|Year : 2020 | Volume
| Issue : 4 | Page : 365-370
Optical coherence tomography patterns of diabetic macular edema and their correlation with visual acuity
Omar M Ali1, Mohammad S Saad1, Hazem A M. Hazem1, Mariam N Dawood2
1 Department of Ophthalmology, Faculty of Medicine, Assiut University, Assiut, Egypt
2 El Ramad Hospital, Assiut City, Egypt
|Date of Submission||21-Dec-2019|
|Date of Decision||22-Dec-2019|
|Date of Acceptance||22-Jan-2020|
|Date of Web Publication||20-Nov-2020|
Mariam N Dawood
El Ramad Hospital, Assiut City
Source of Support: None, Conflict of Interest: None
The aim was to identify and evaluate the patterns of diabetic macular edema (DME) currently known by optical coherence tomography (OCT) and correlation of these patterns with visual acuity.
Patients and methods
OCT scans were done for 60 eyes of 36 patients with diabetes.
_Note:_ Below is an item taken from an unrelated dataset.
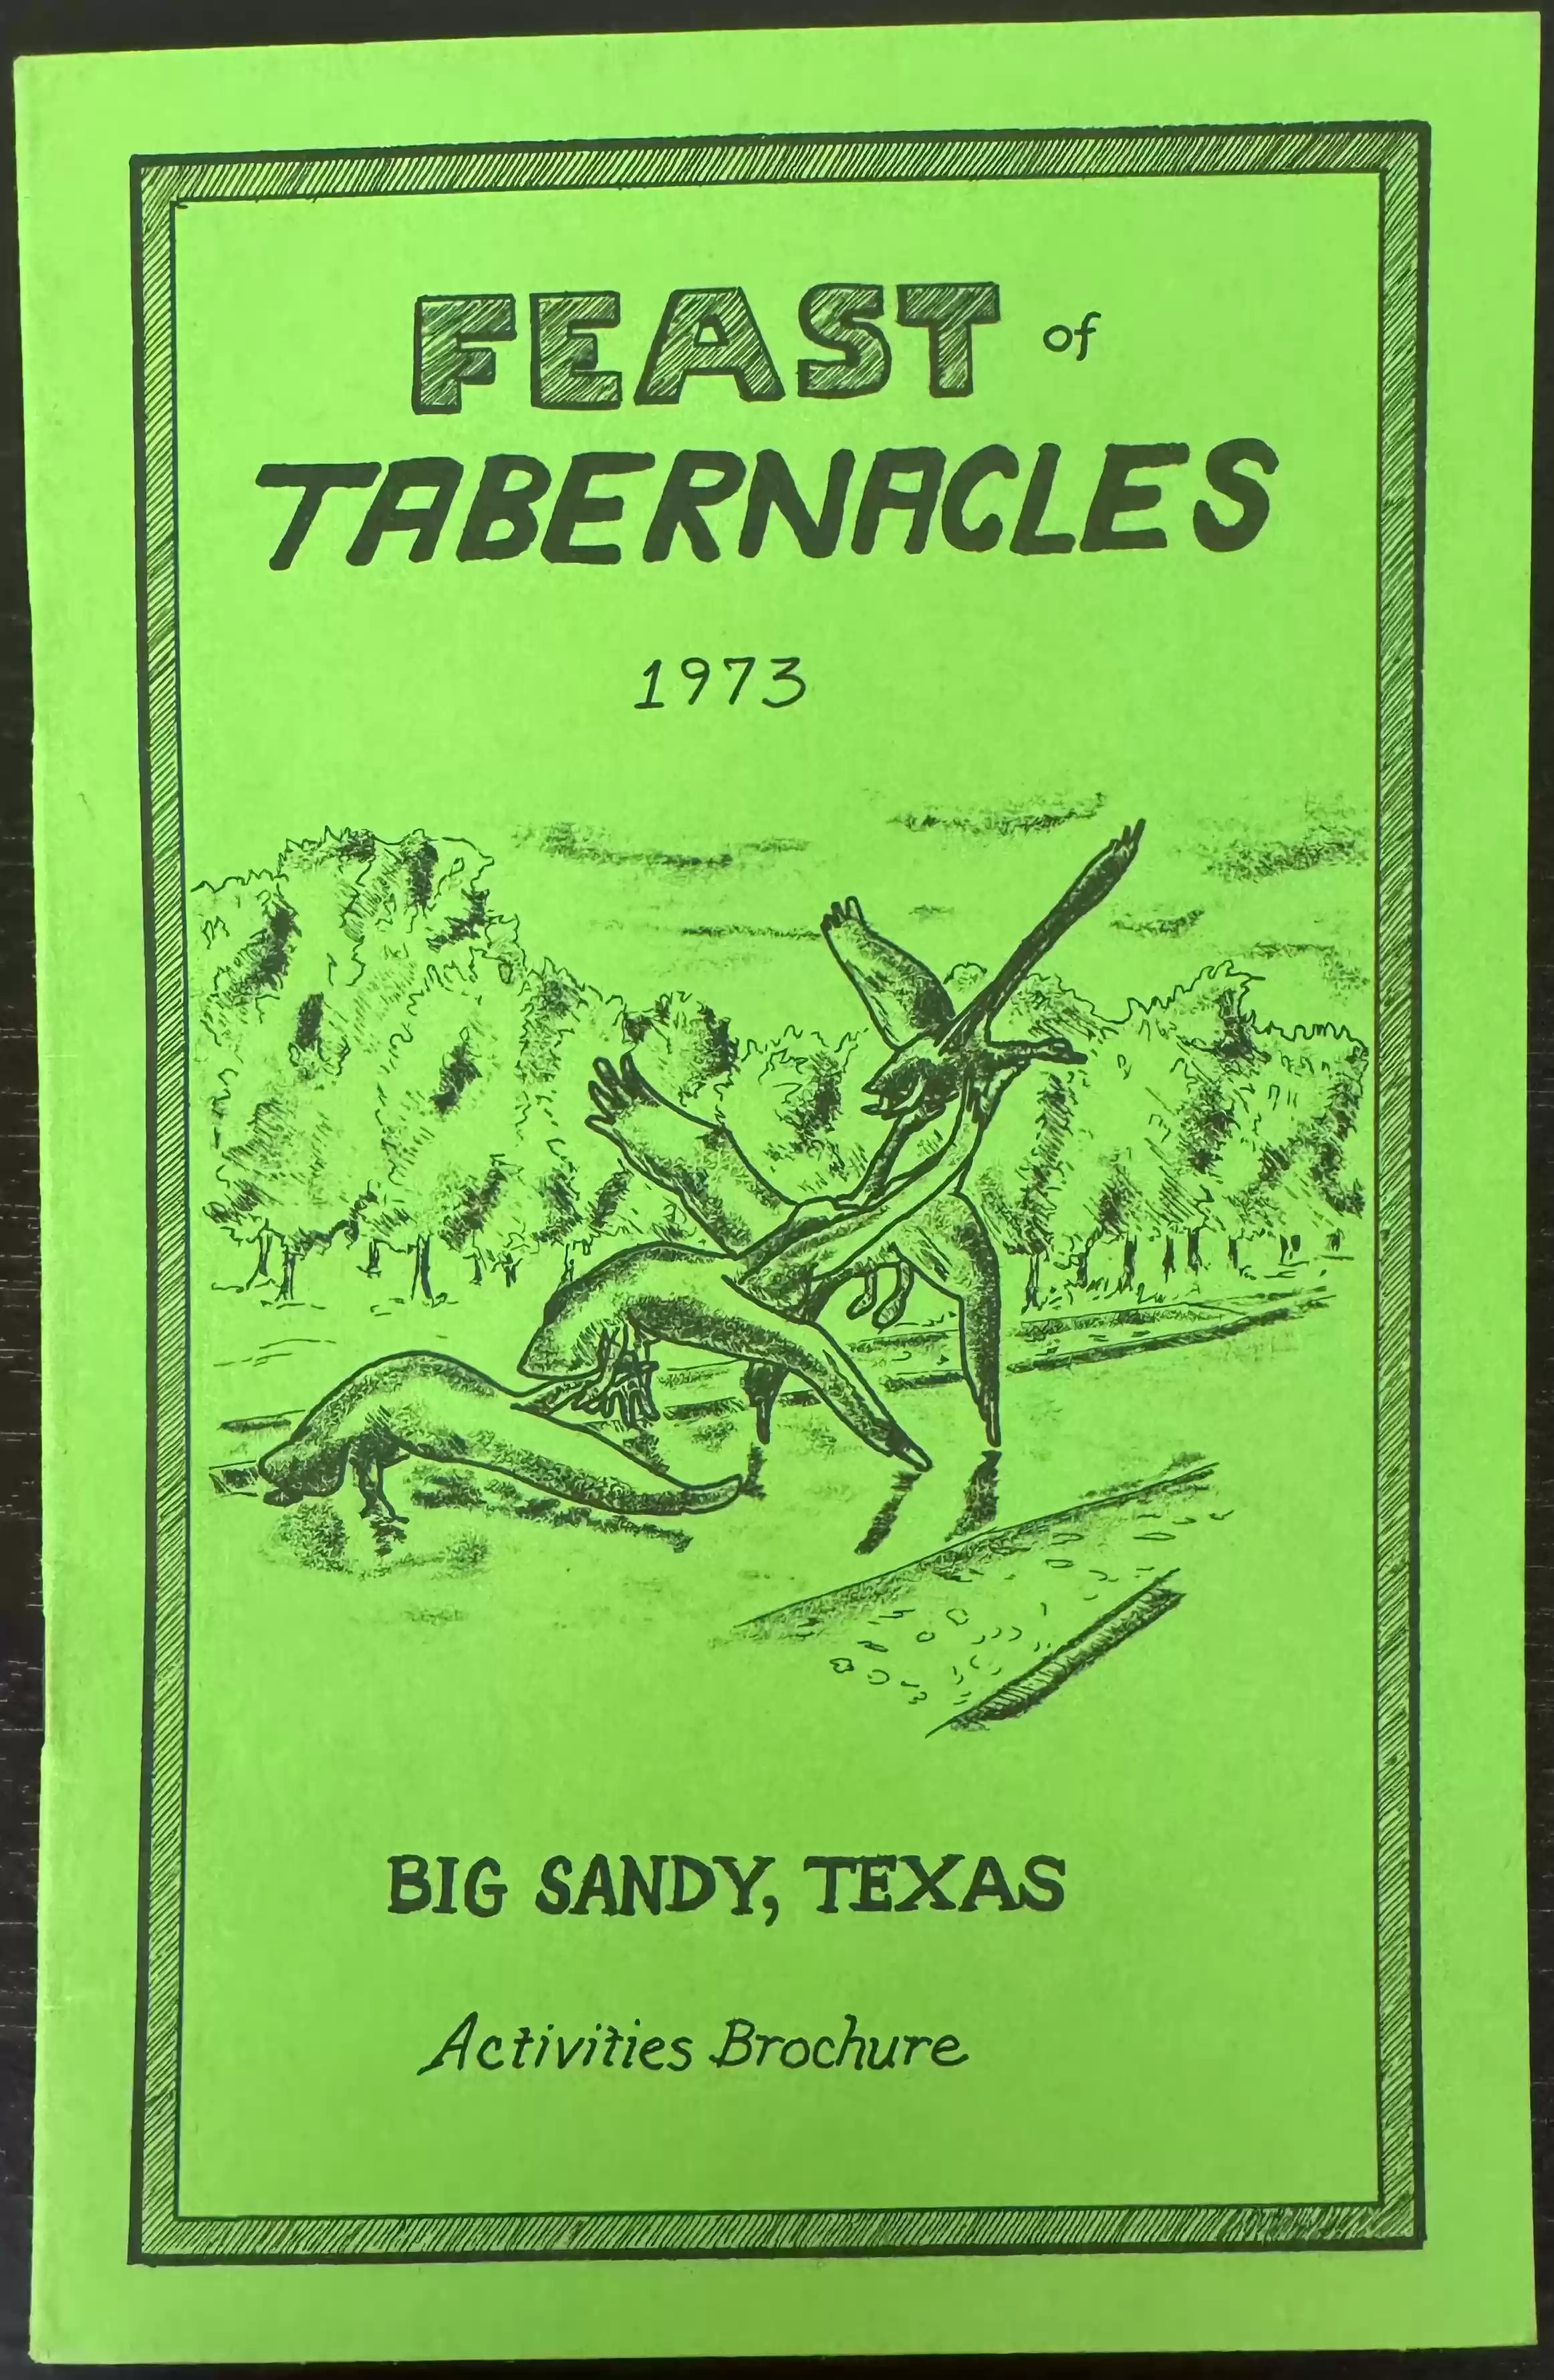 Big Sandy FOT 1973 brochure cover

OCT is used to define the pattern of DME and measure the central macular thickness (CMT). Analysis of data was done to evaluate the relationship between retinal thickness and visual acuity and prevalence of each different morphological subtype and investigate the presence of relationship between different patterns and visual acuity.
Our OCT-based classification was as follows: group 1 had diffuse macular edema without cysts (35%), group 2 had cystoid macular edema (CME) (26.67%), group 3 had CME with serous retinal detachment (SRD) (16.67%), group 4 had SRD with diffuse thickening (8.33%), and group 5 had tractional macular edema (13.33%). Eyes with sponge-like retinal swelling had the best-corrected visual acuity. Best-corrected visual acuity in eyes with CME and CME with SRD was significantly worse. Eyes with CME, CME with serous sensory detachment, and tractional had CMT significantly larger than eyes with diffuse retinal thickening. There was a reverse correlation between best-corrected visual acuity and CMT at the fovea in eyes with diffuse thickening alone, whereas the correlation was not significant in eyes associated with CME or serous sensory detachment.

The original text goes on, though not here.